=== DIRECTIONS FOR THIS TASK ===
Word for word, restate the data that follows, omitting the images.

=== PROVIDED MATERIAL ===

━━━━━━━━━━

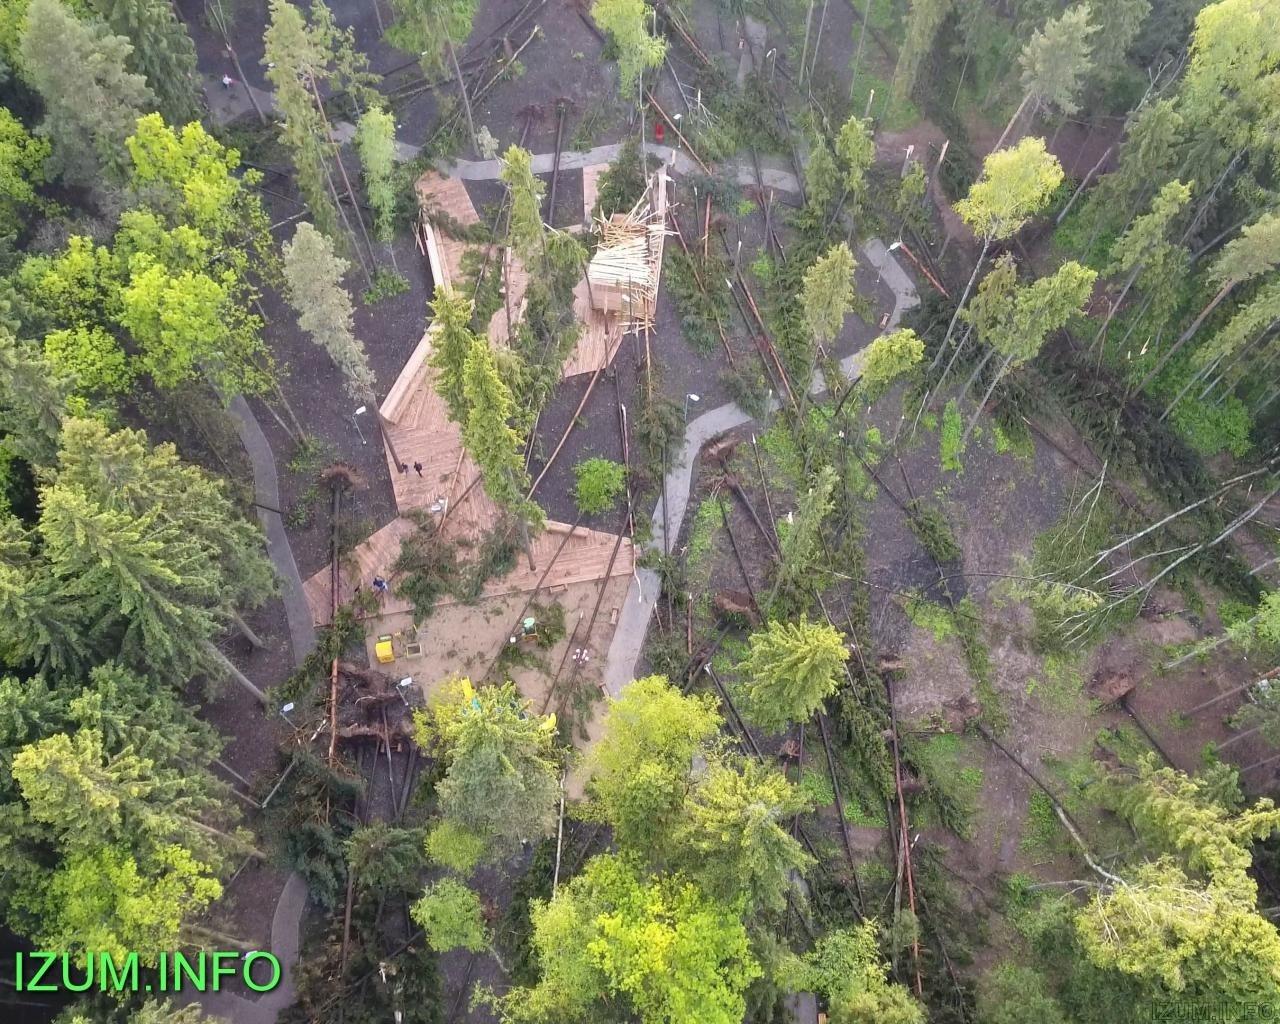 Изумрудные холмы парк после урагана (3).jpg
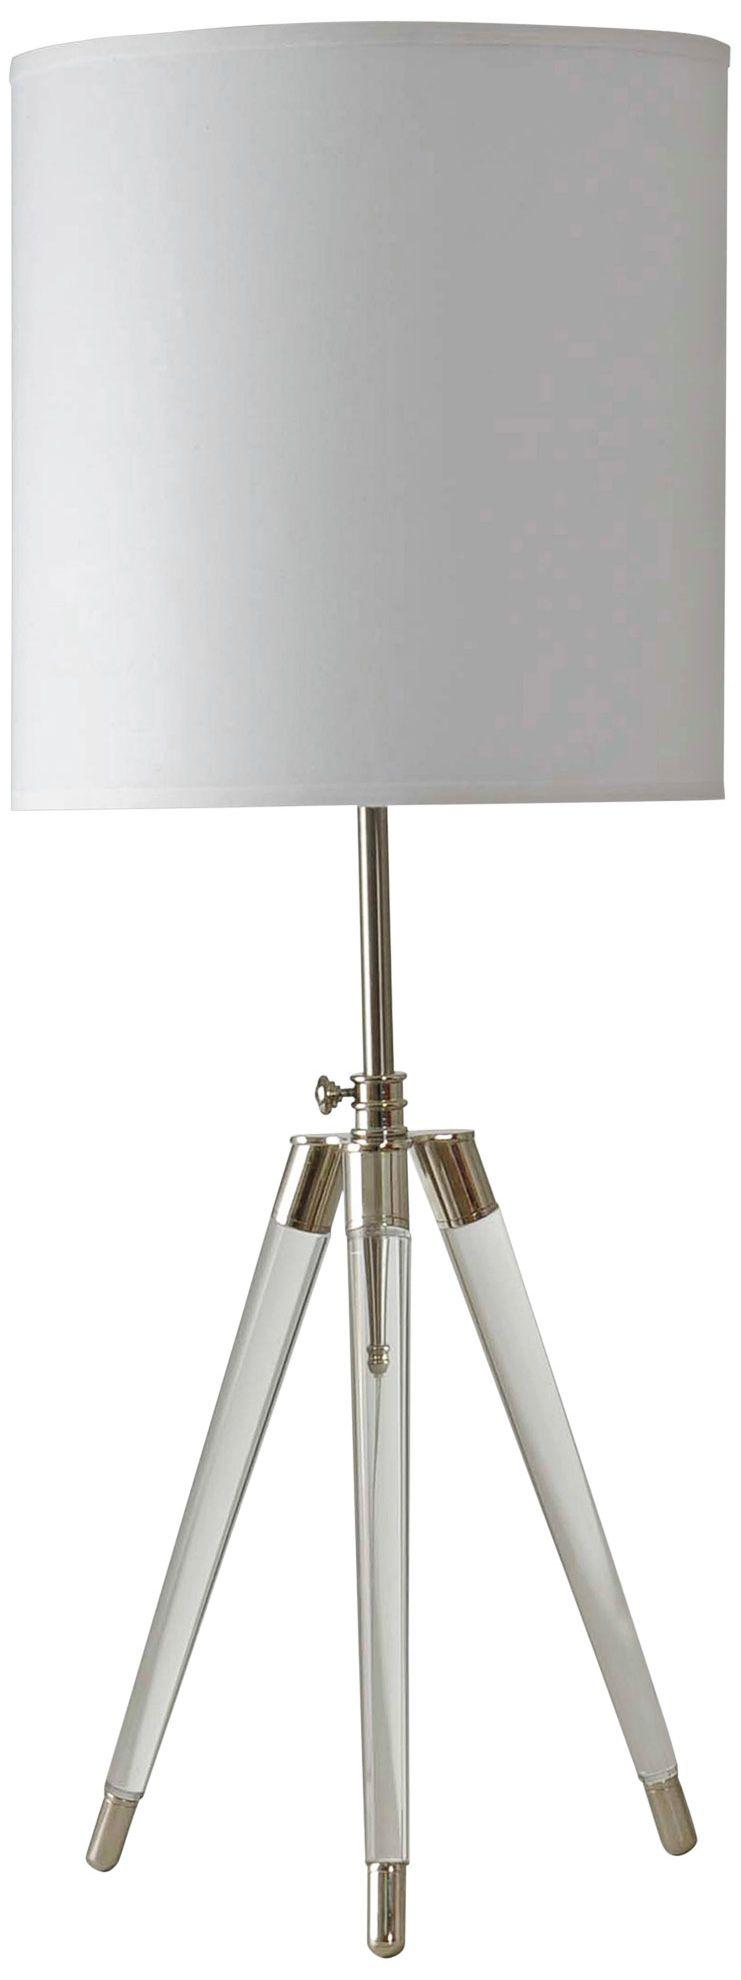 Superbe Crystal Tripod Table Lamp With White Hardback Fabric Shade
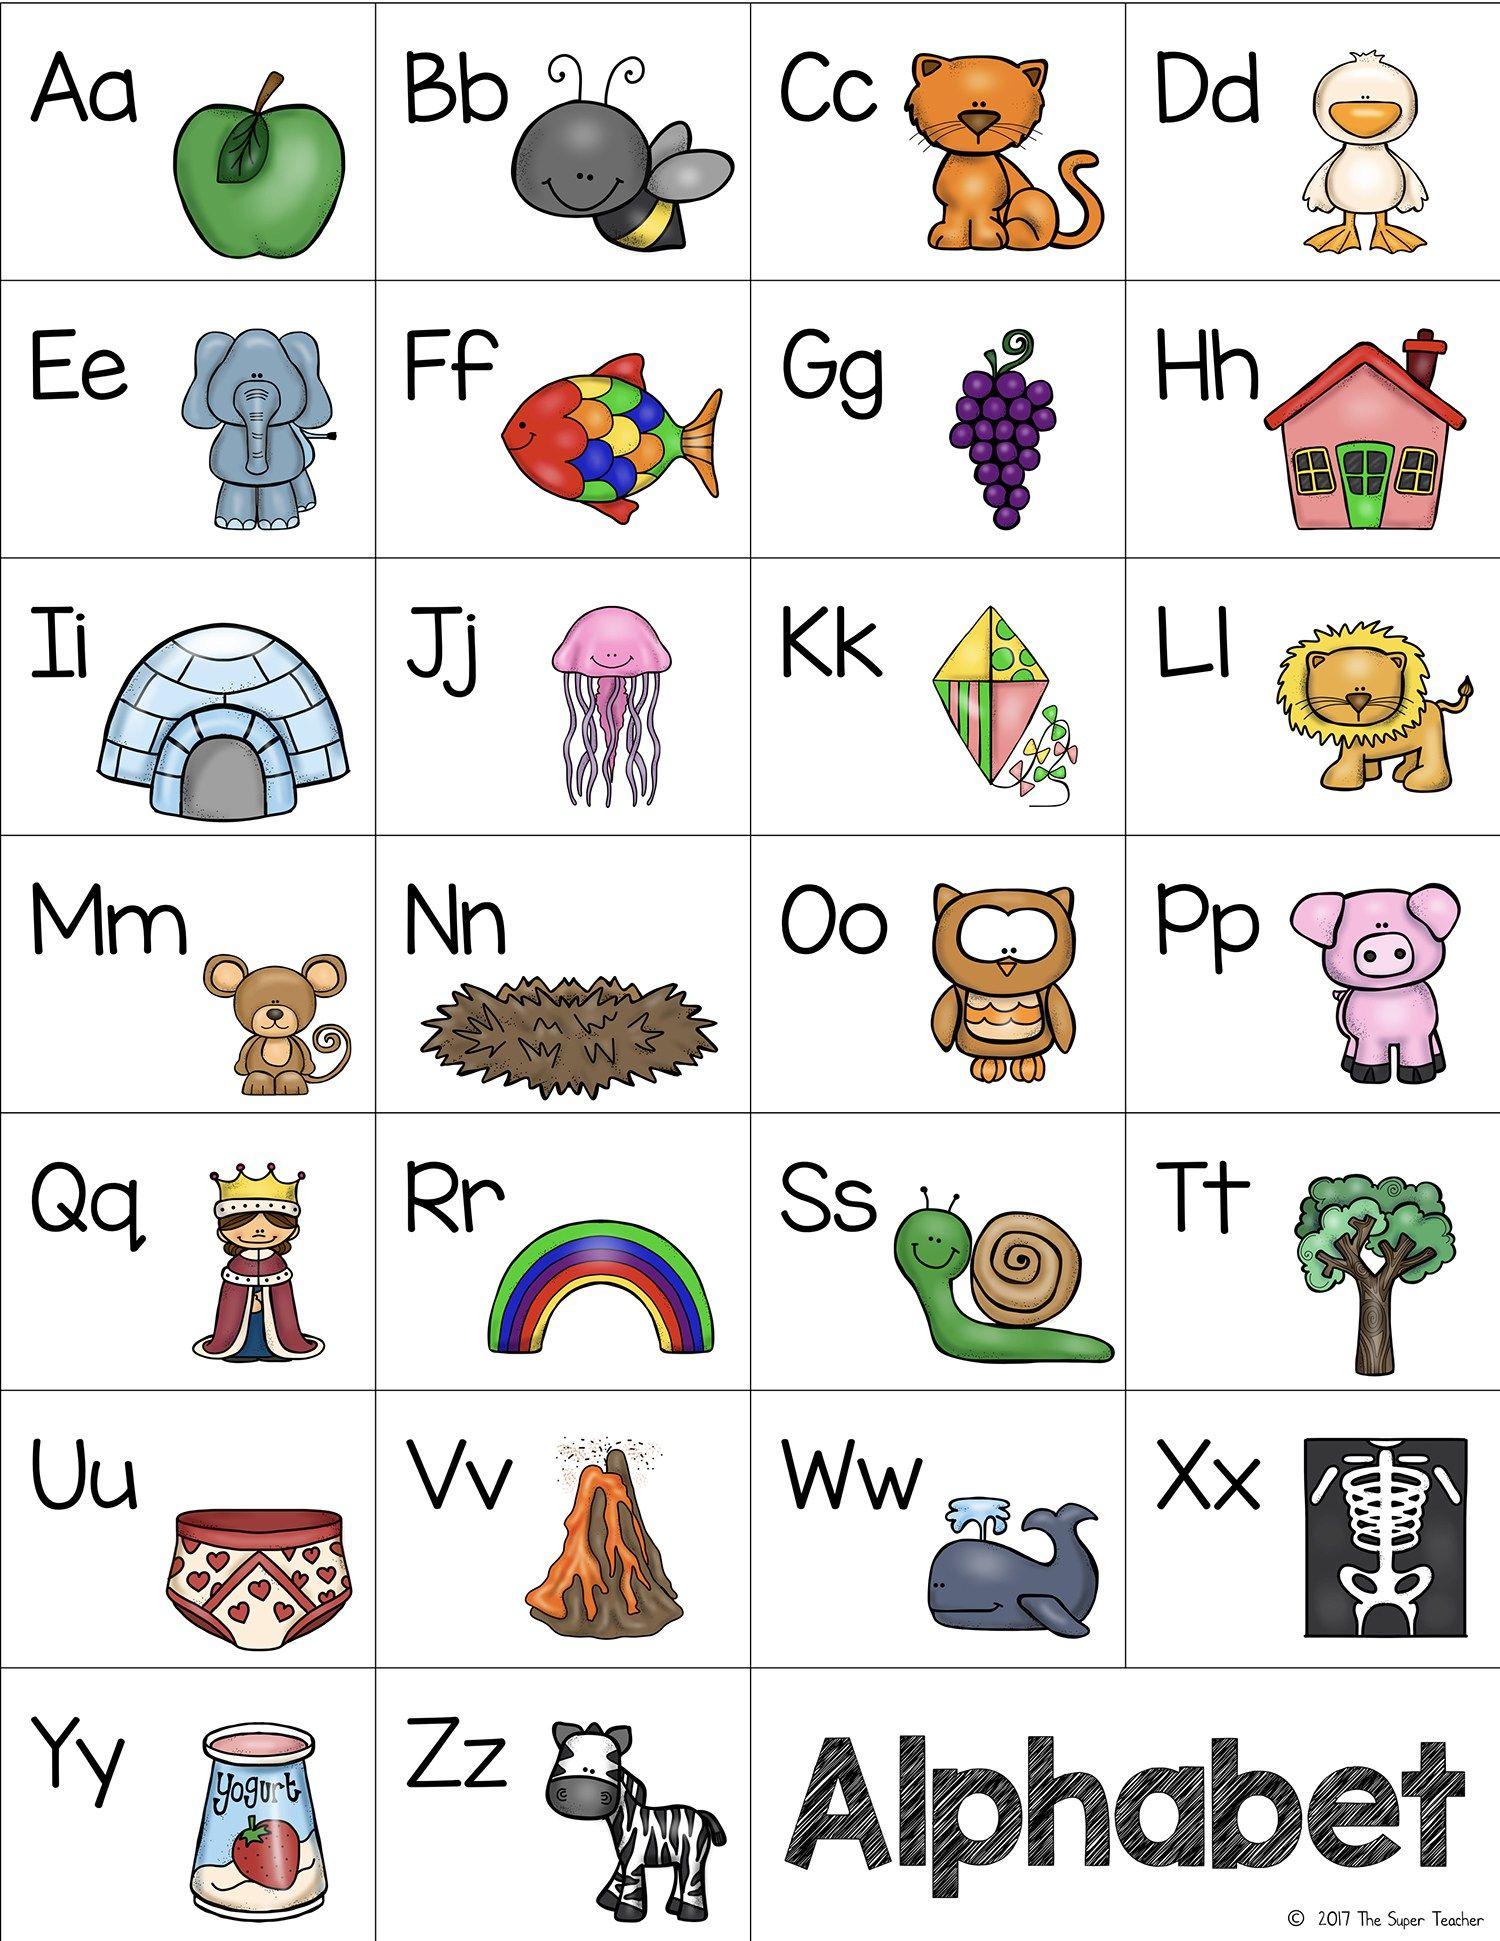 Free Preschool Worksheet You Will Use All The Time Free Preschool Worksheets Preschool Worksheets Free Preschool [ 1941 x 1500 Pixel ]

━━━━━━━━━━

=== THE COMPLETED TASK ===
 Изумрудные холмы парк после урагана (3).jpg
 Superbe Crystal Tripod Table Lamp With White Hardback Fabric Shade
 Free Preschool Worksheet You Will Use All The Time Free Preschool Worksheets Preschool Worksheets Free Preschool [ 1941 x 1500 Pixel ]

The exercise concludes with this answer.